The taxes, which attempt to charge visitors to popular destinations additional fees, are an attempt to cover the damage done by tourism, reported a news agency.
According to reports, the city of Edinburgh is weighing the merits of a Transient Visitor Levy (TVL), aka a tourist tax.
A brief, a post in the Edinburgh government website, explains, “A TVL or tourist tax is defined as an additional charge on visitors staying overnight in paid accommodation.”
According to the council, Edinburgh TVL is necessary and an appropriate way to secure future investment in the tourism industry.

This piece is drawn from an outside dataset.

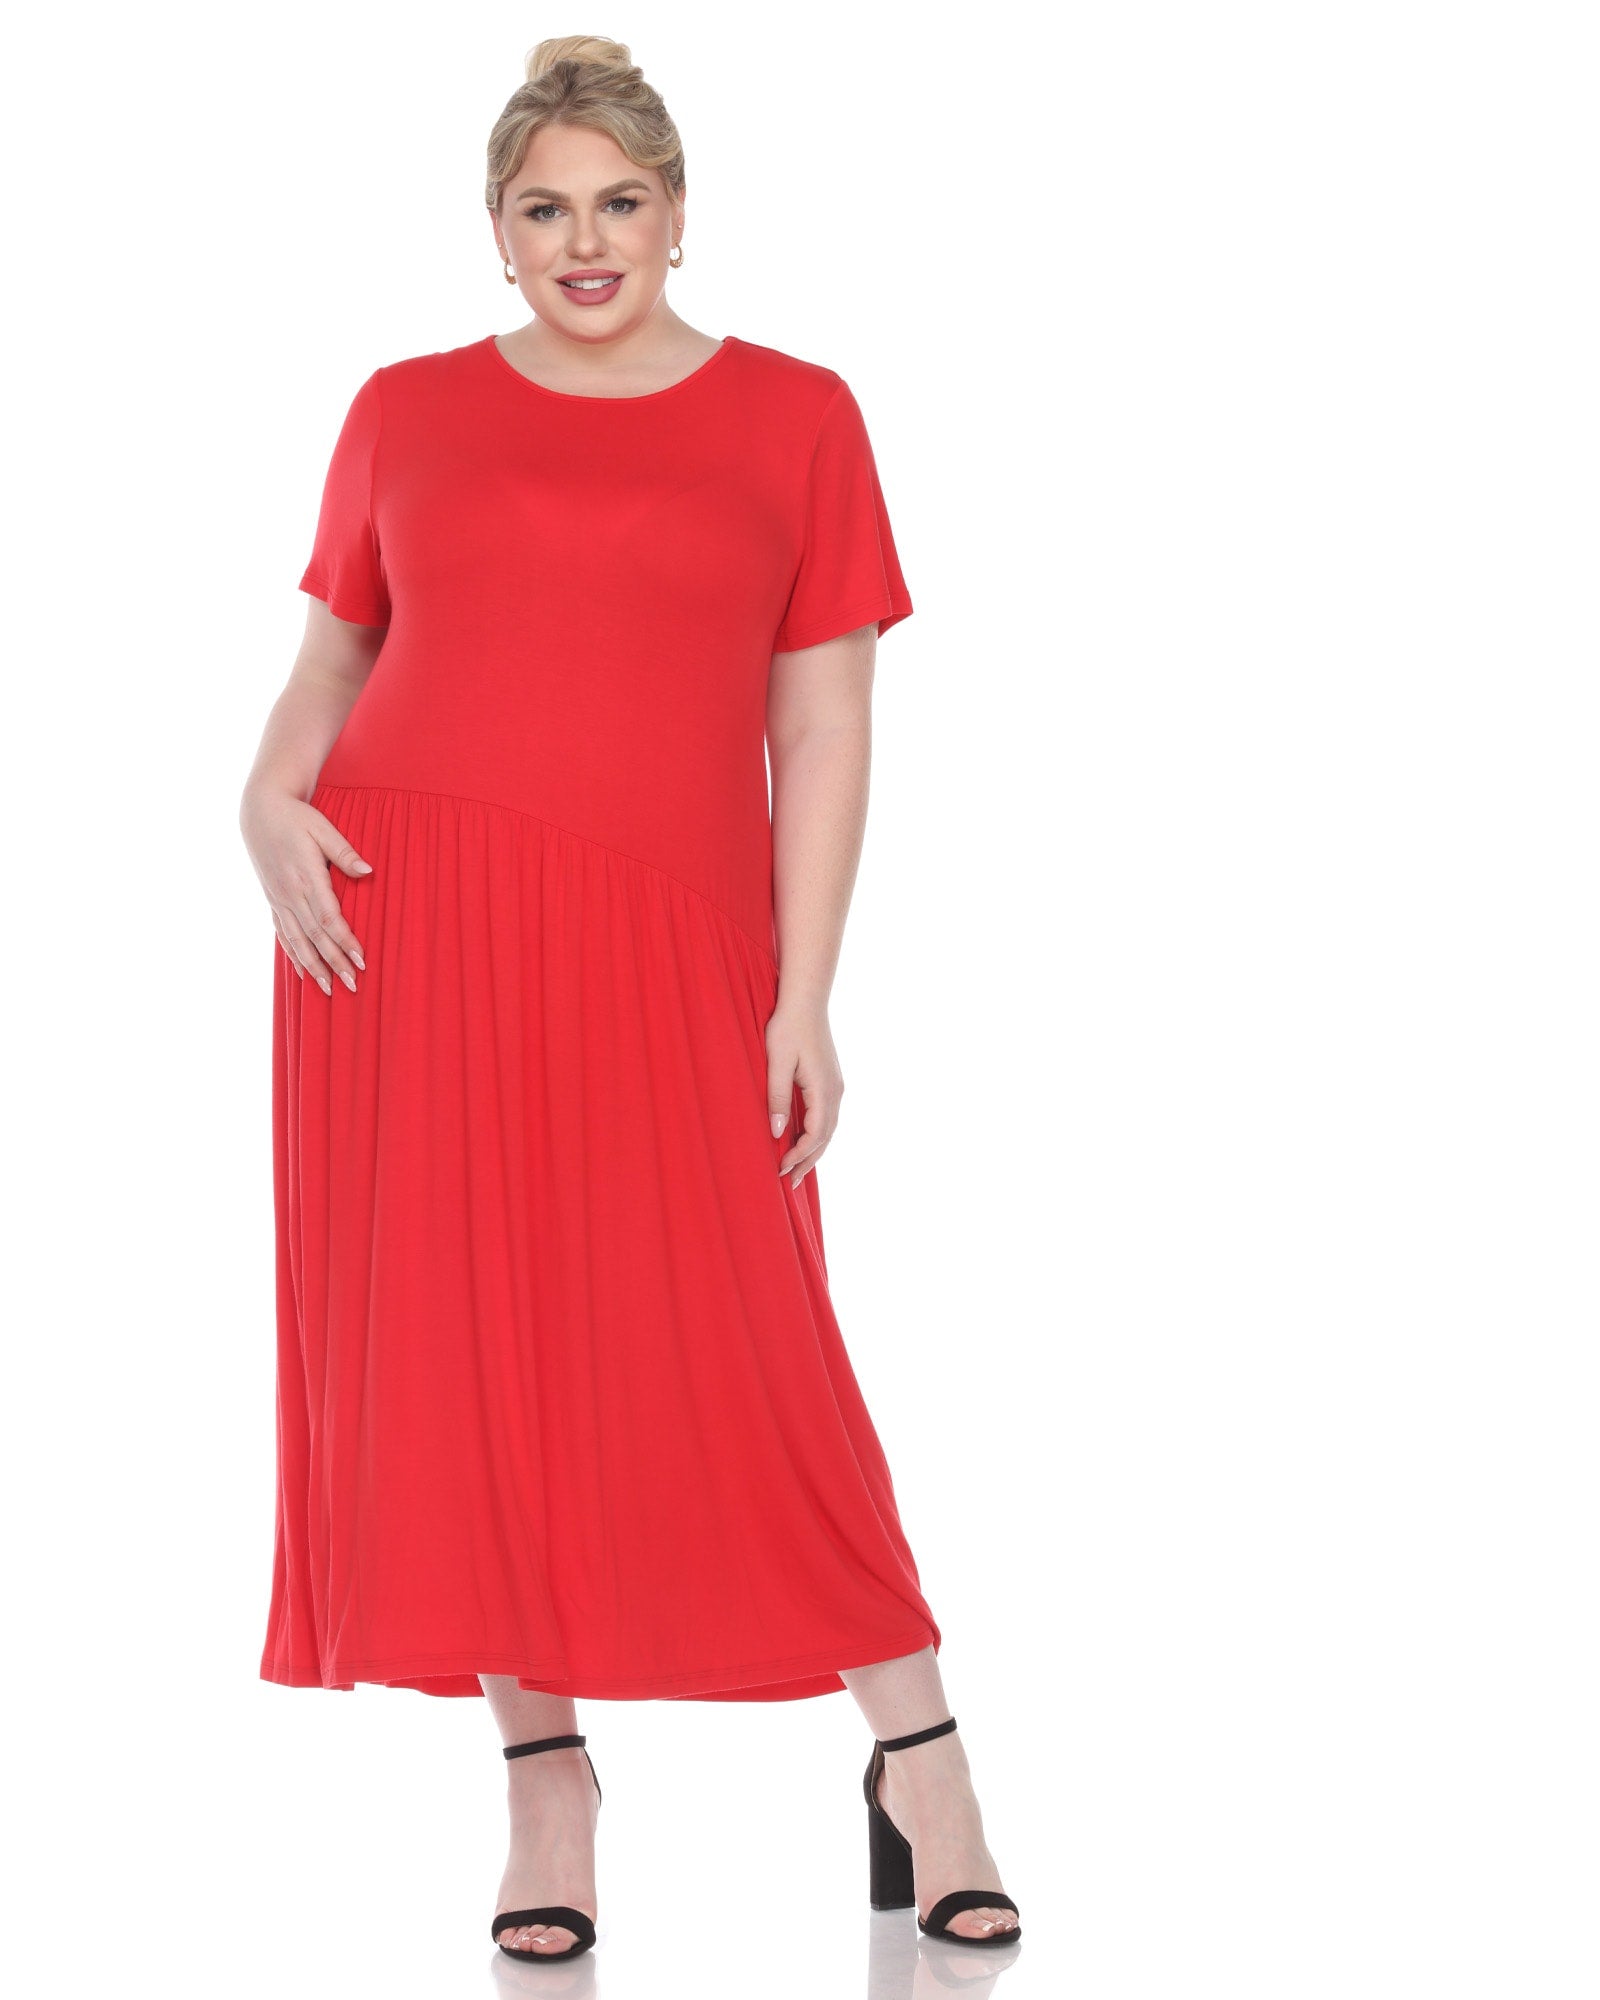 Red Flowy Dress

The City Council in Scotland's biggest city has voted in favour of the £2 (USD 2.60) per day fee. The next step will be for members of the Scottish Parliament to approve the bill.
The daily fee will be exempted for visitors who opt to camp rather than book a hotel room or a bed and breakfast and will be maxed out at seven days.
Visitors who stay longer than a week would be charged a maximum of £14.
Should the bill pass, Edinburgh would join an increasing list of destinations who are turning to tourist taxes to maintain infrastructure and make up for lost revenues from visitors who don't stay overnight.
A similar tax is levied in Venice, where apart from the tourist tax for cruise ship passengers and other travellers not staying overnight, a new ruling has resulted in a €10 (USD 11) per person "disembarkment tax" for anyone who visits the city, including overnight guests.